• Collected data
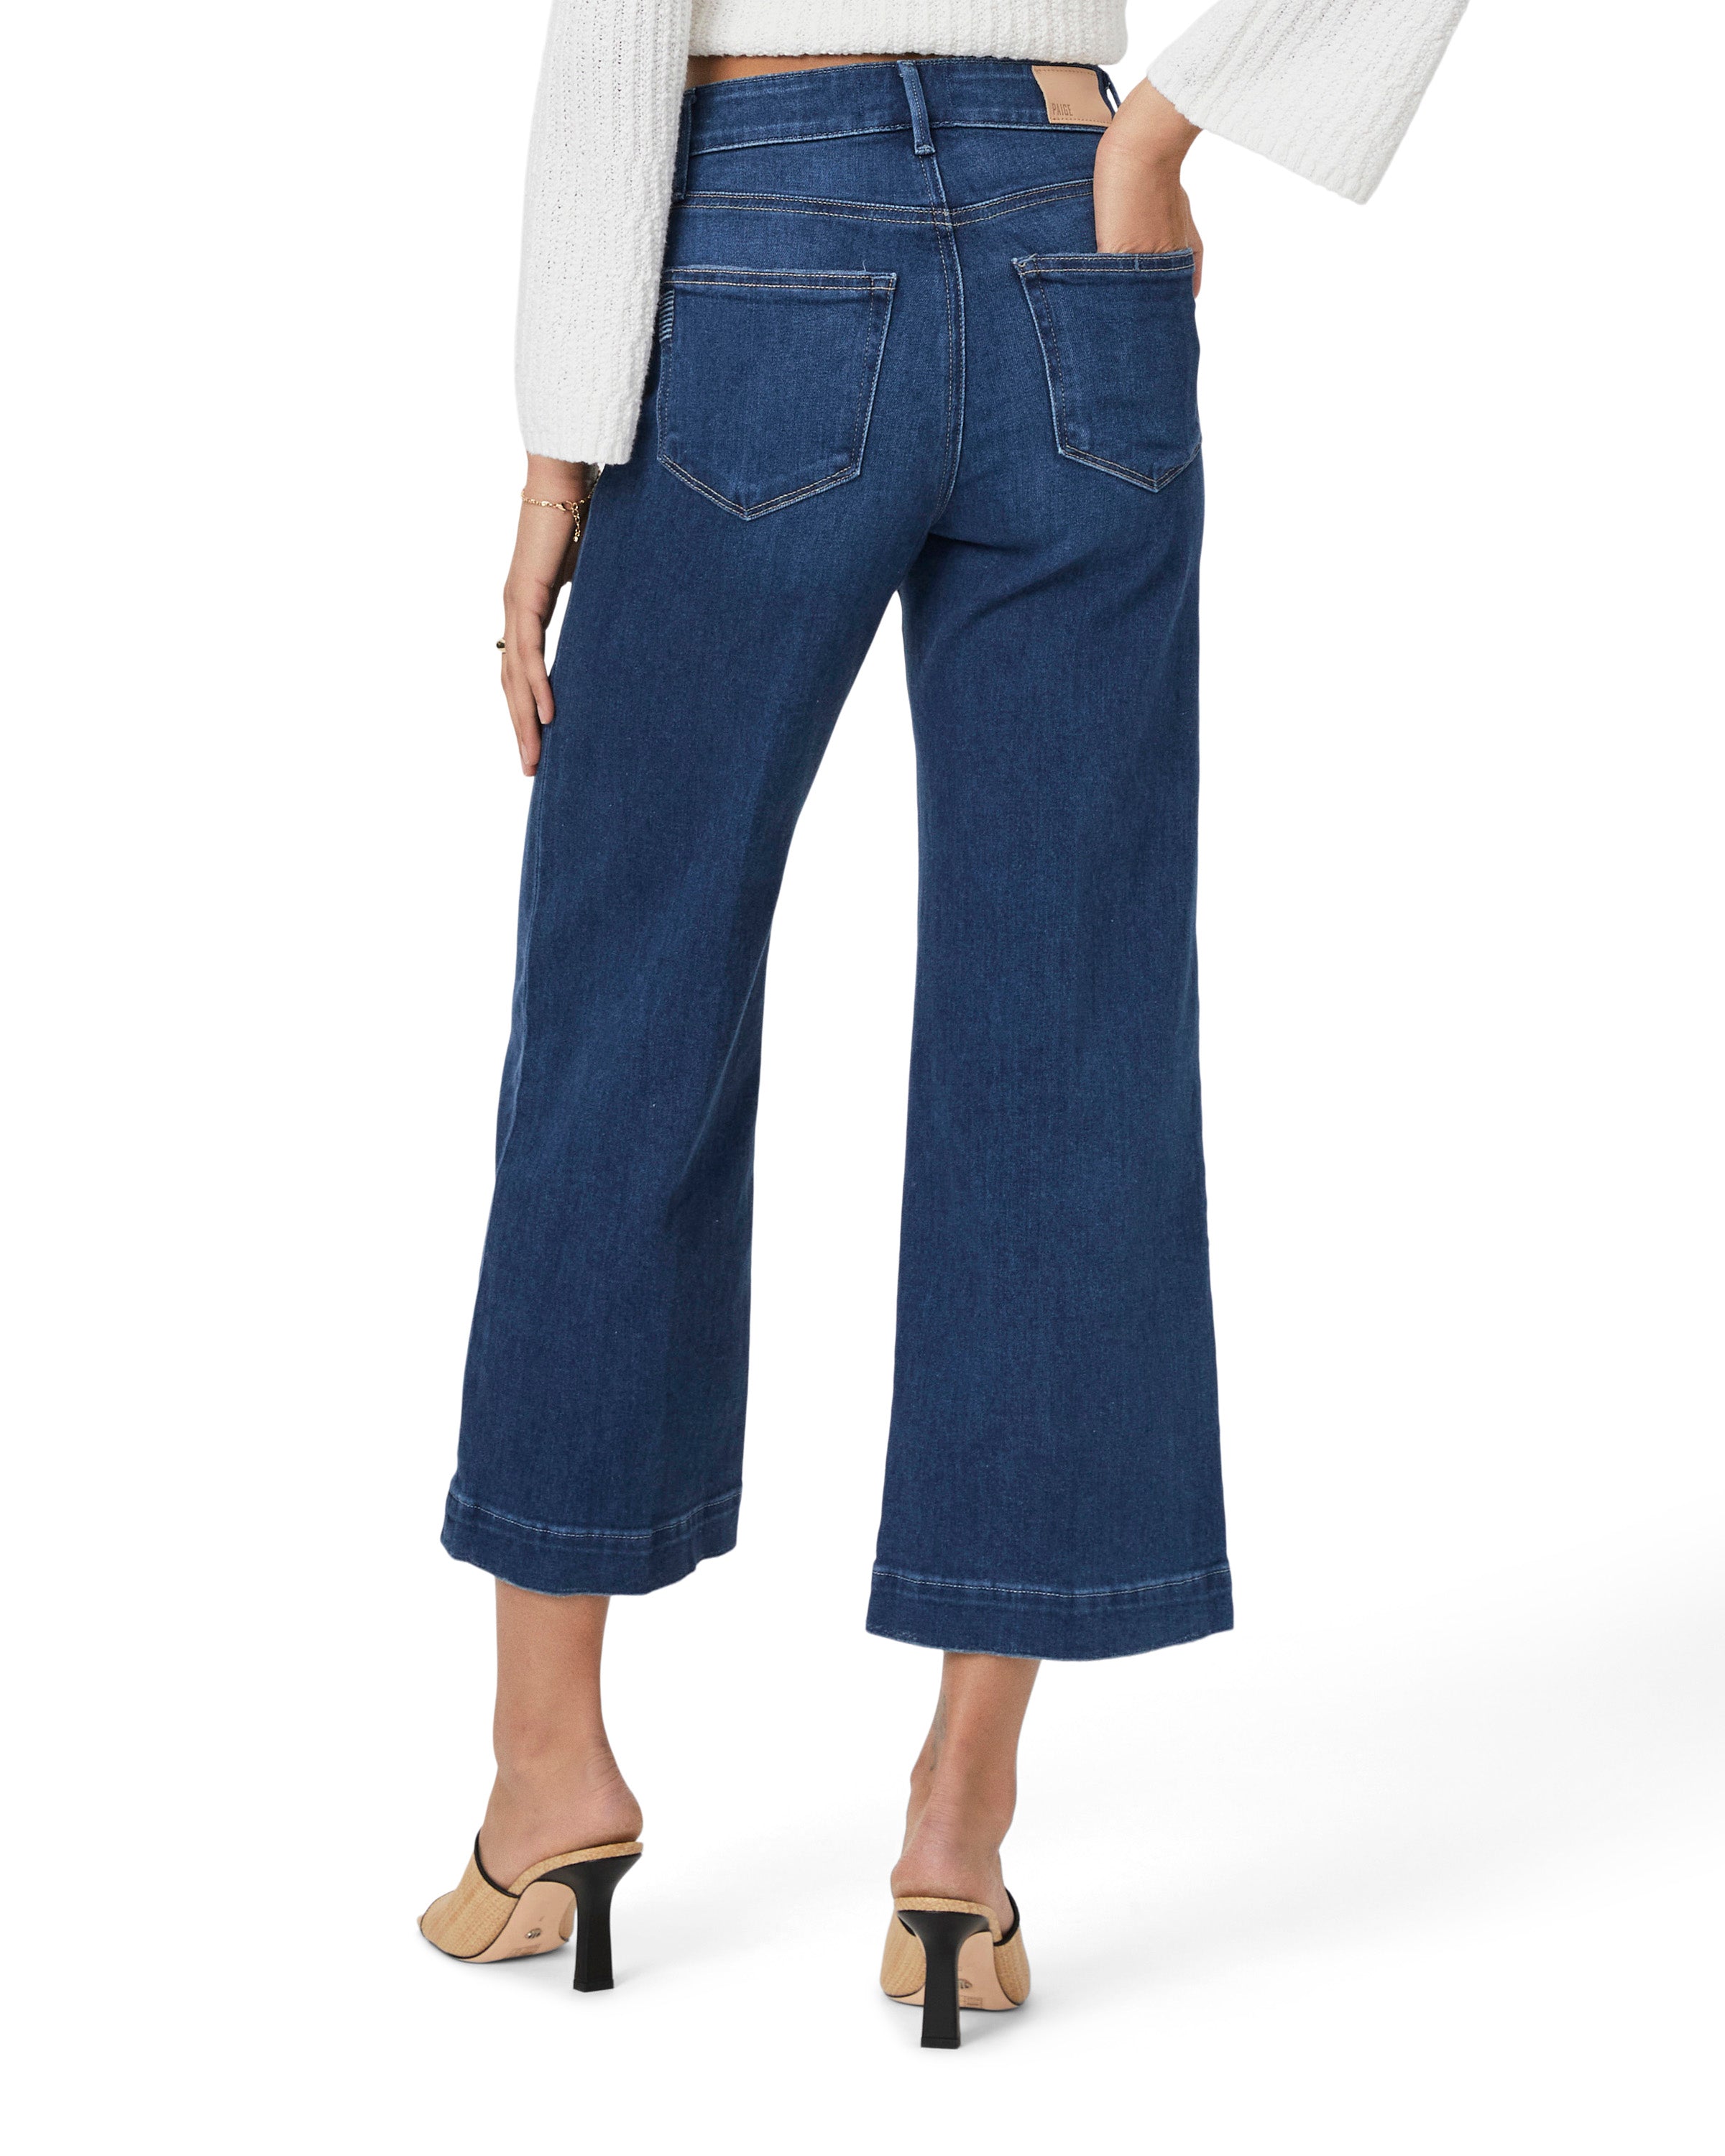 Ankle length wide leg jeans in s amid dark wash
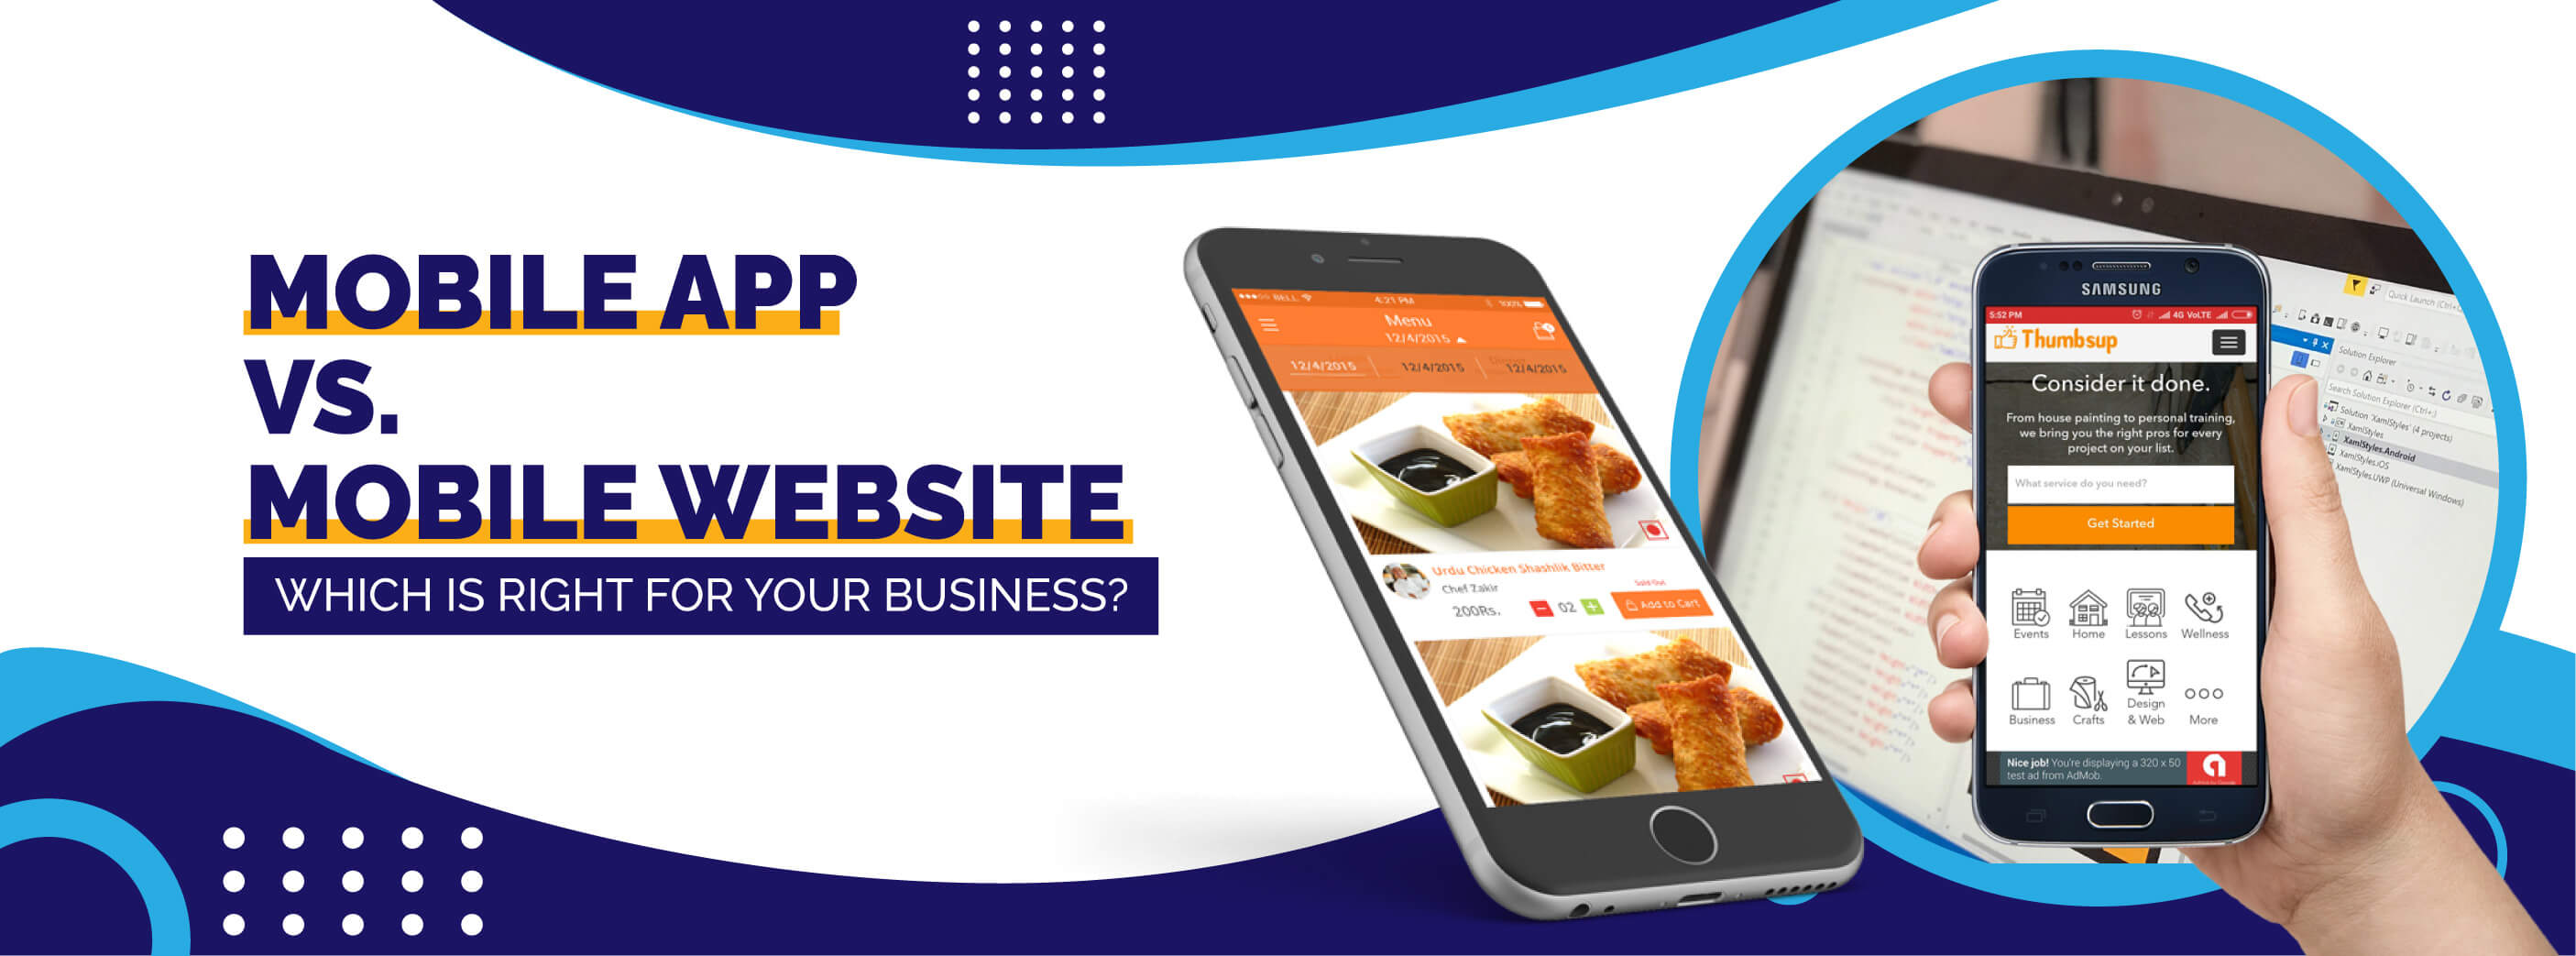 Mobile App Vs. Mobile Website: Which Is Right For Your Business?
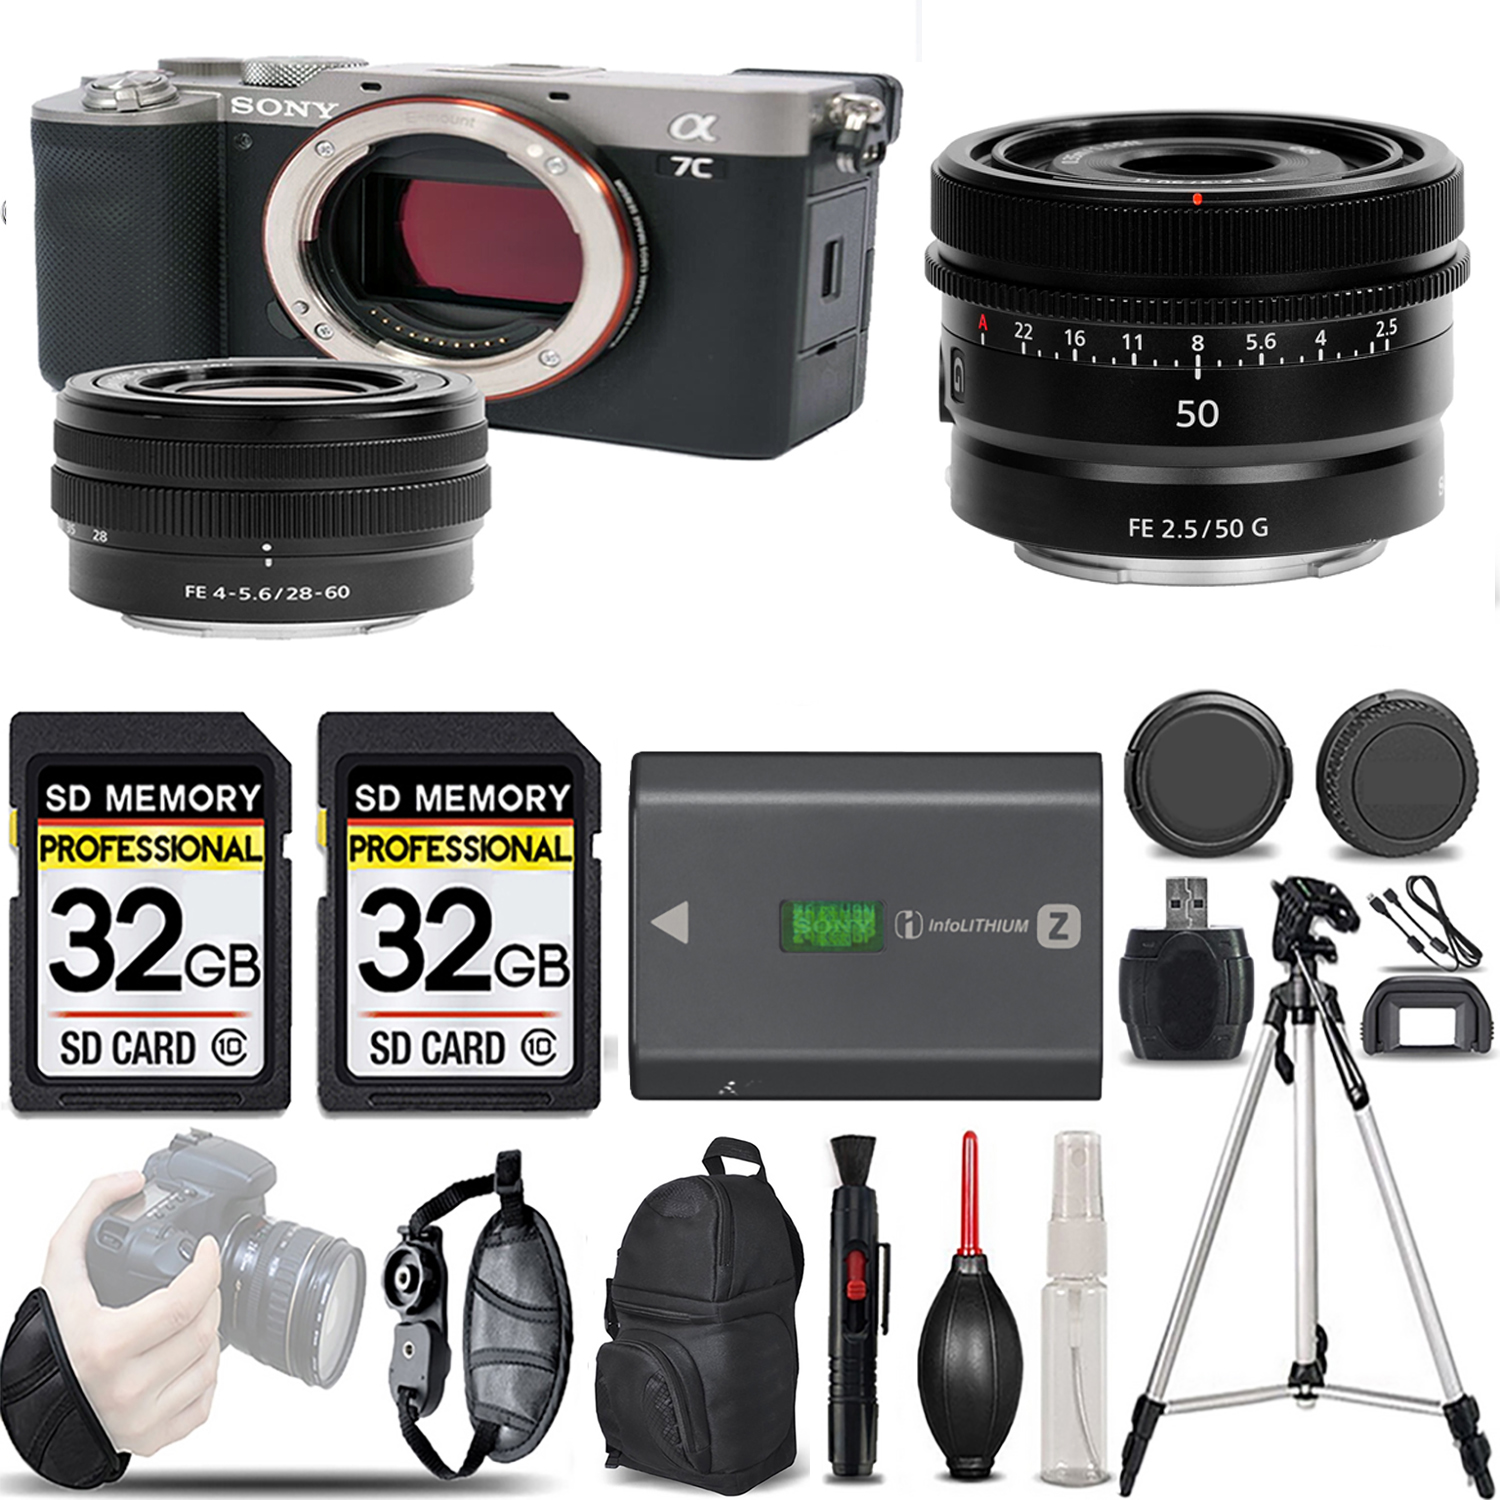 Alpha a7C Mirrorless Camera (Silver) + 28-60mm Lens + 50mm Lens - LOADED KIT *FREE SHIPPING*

• Work instructions
Return the whole listing exactly, minus its pictures.

• Answer below
 Ankle length wide leg jeans in s amid dark wash
 Mobile App Vs. Mobile Website: Which Is Right For Your Business?
 Alpha a7C Mirrorless Camera (Silver) + 28-60mm Lens + 50mm Lens - LOADED KIT *FREE SHIPPING*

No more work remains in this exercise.